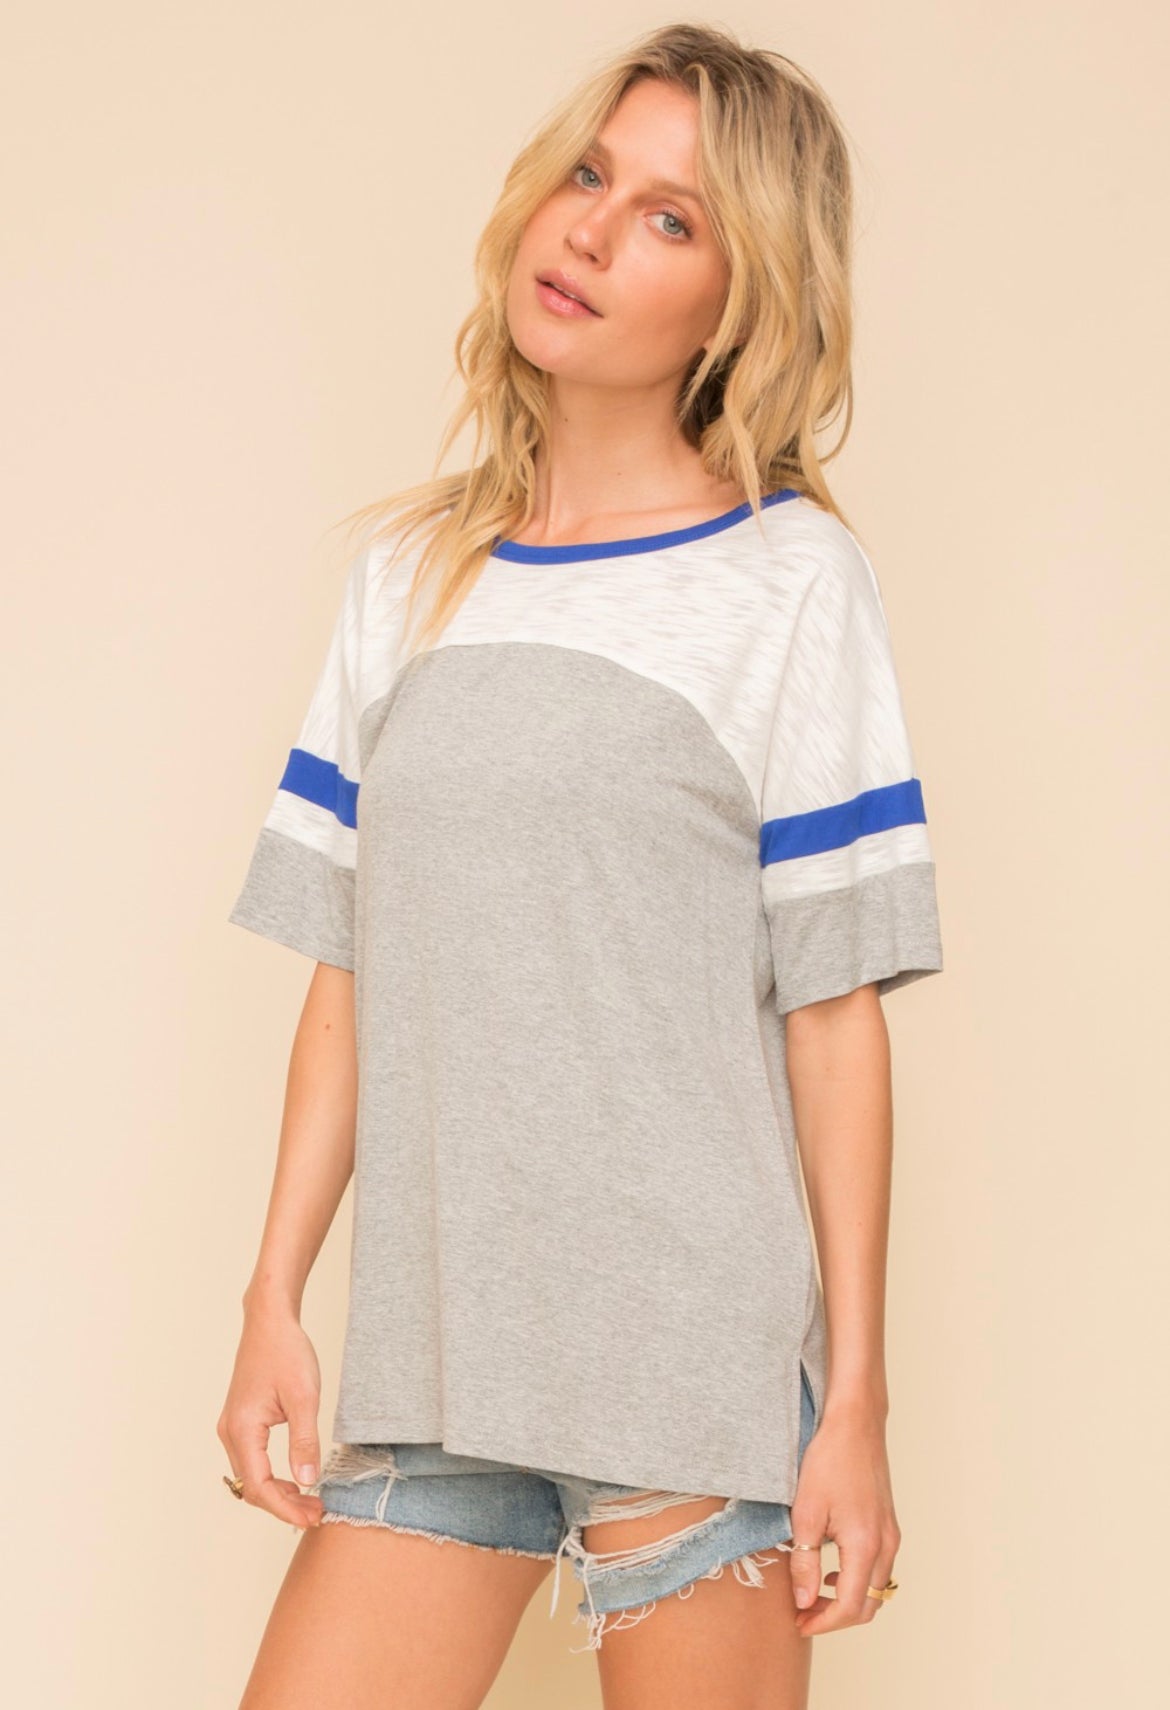 Blue grey and white color block tee
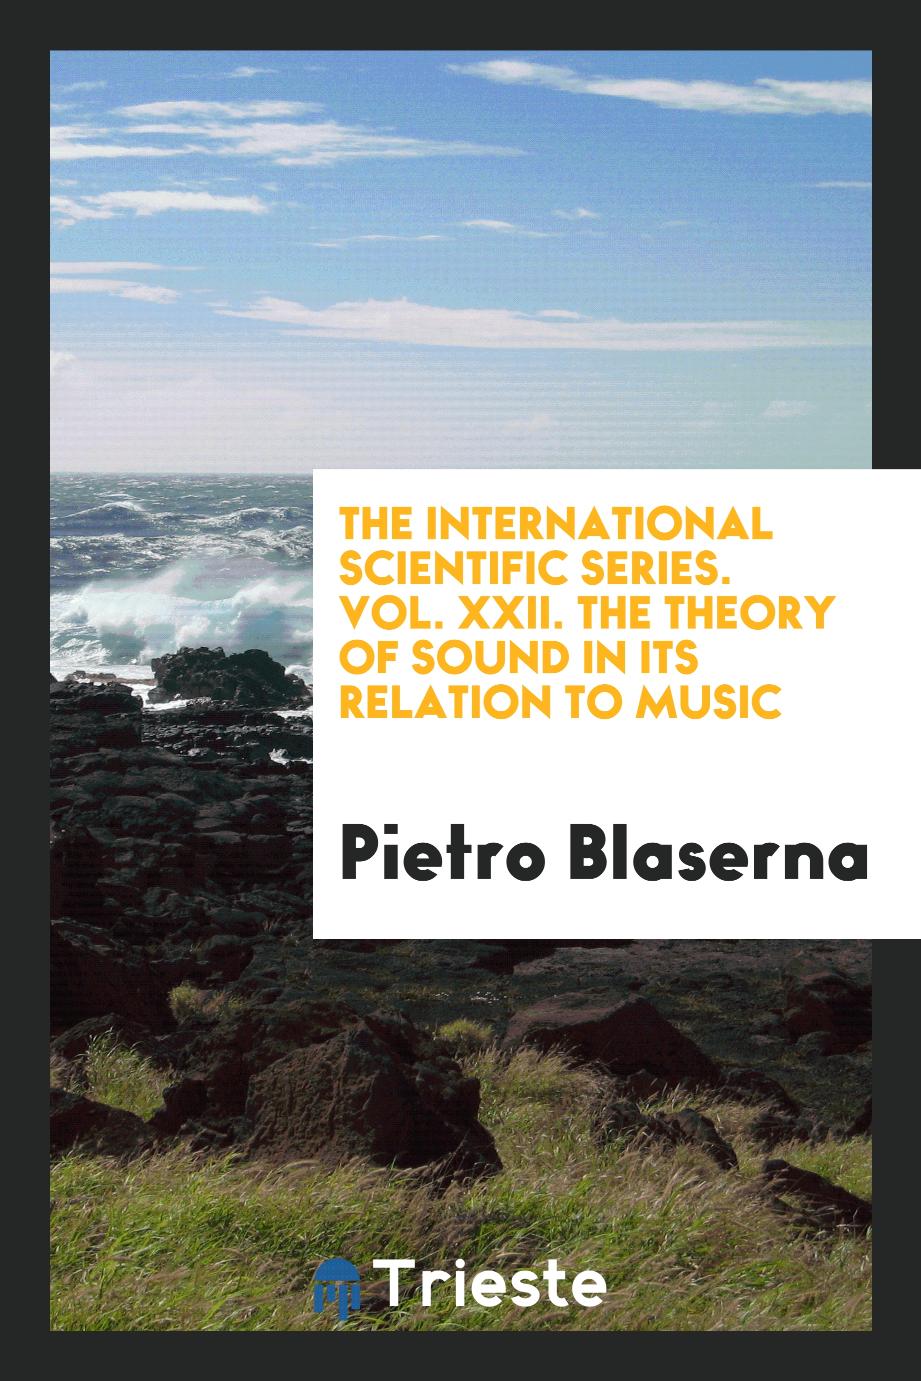 The international scientific series. Vol. XXII. The theory of sound in its relation to music
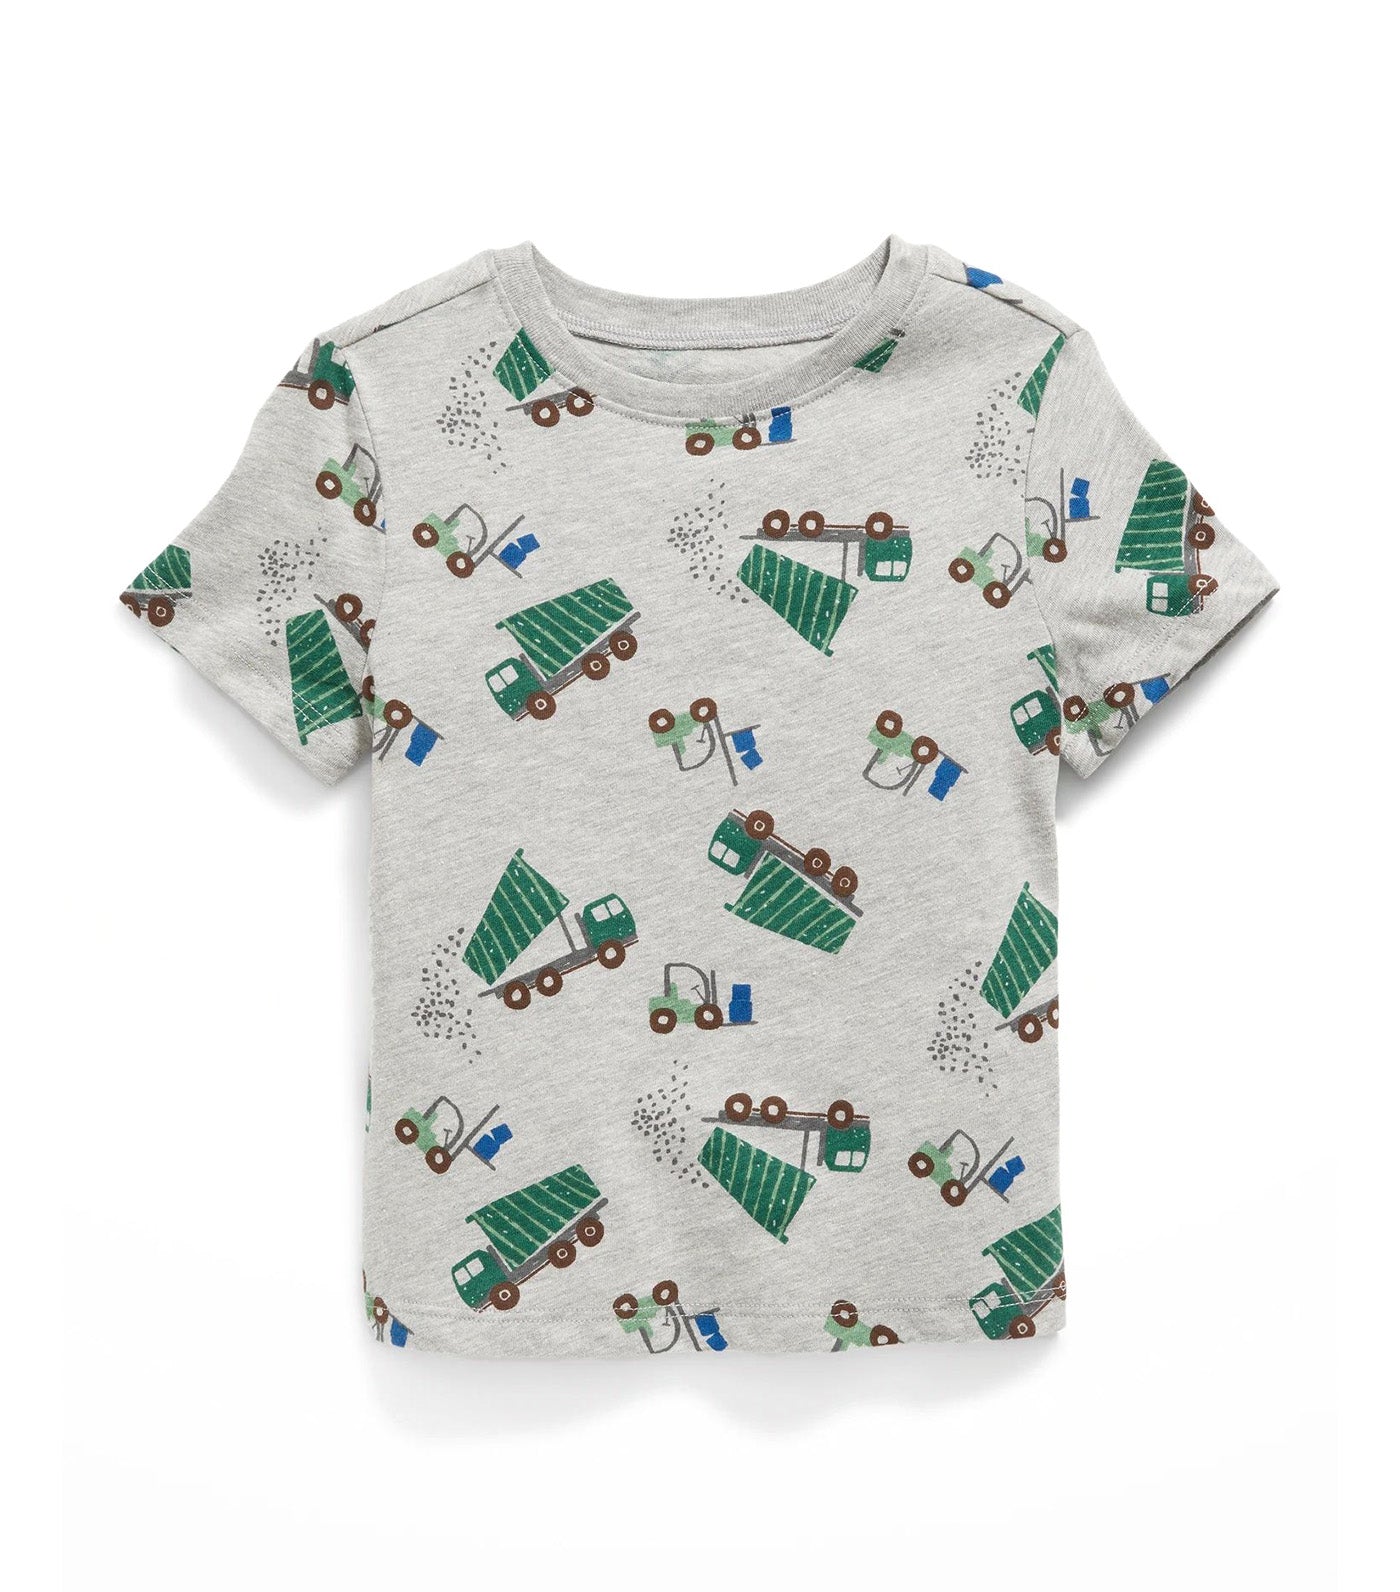 Unisex Printed T-Shirt for Toddler - Truck Green

**What is required**. Could you return the listing above exactly, minus its pictures?

**Final answer**.
 Blue grey and white color block tee
 The international scientific series. Vol. XXII. The theory of sound in its relation to music
 Unisex Printed T-Shirt for Toddler - Truck Green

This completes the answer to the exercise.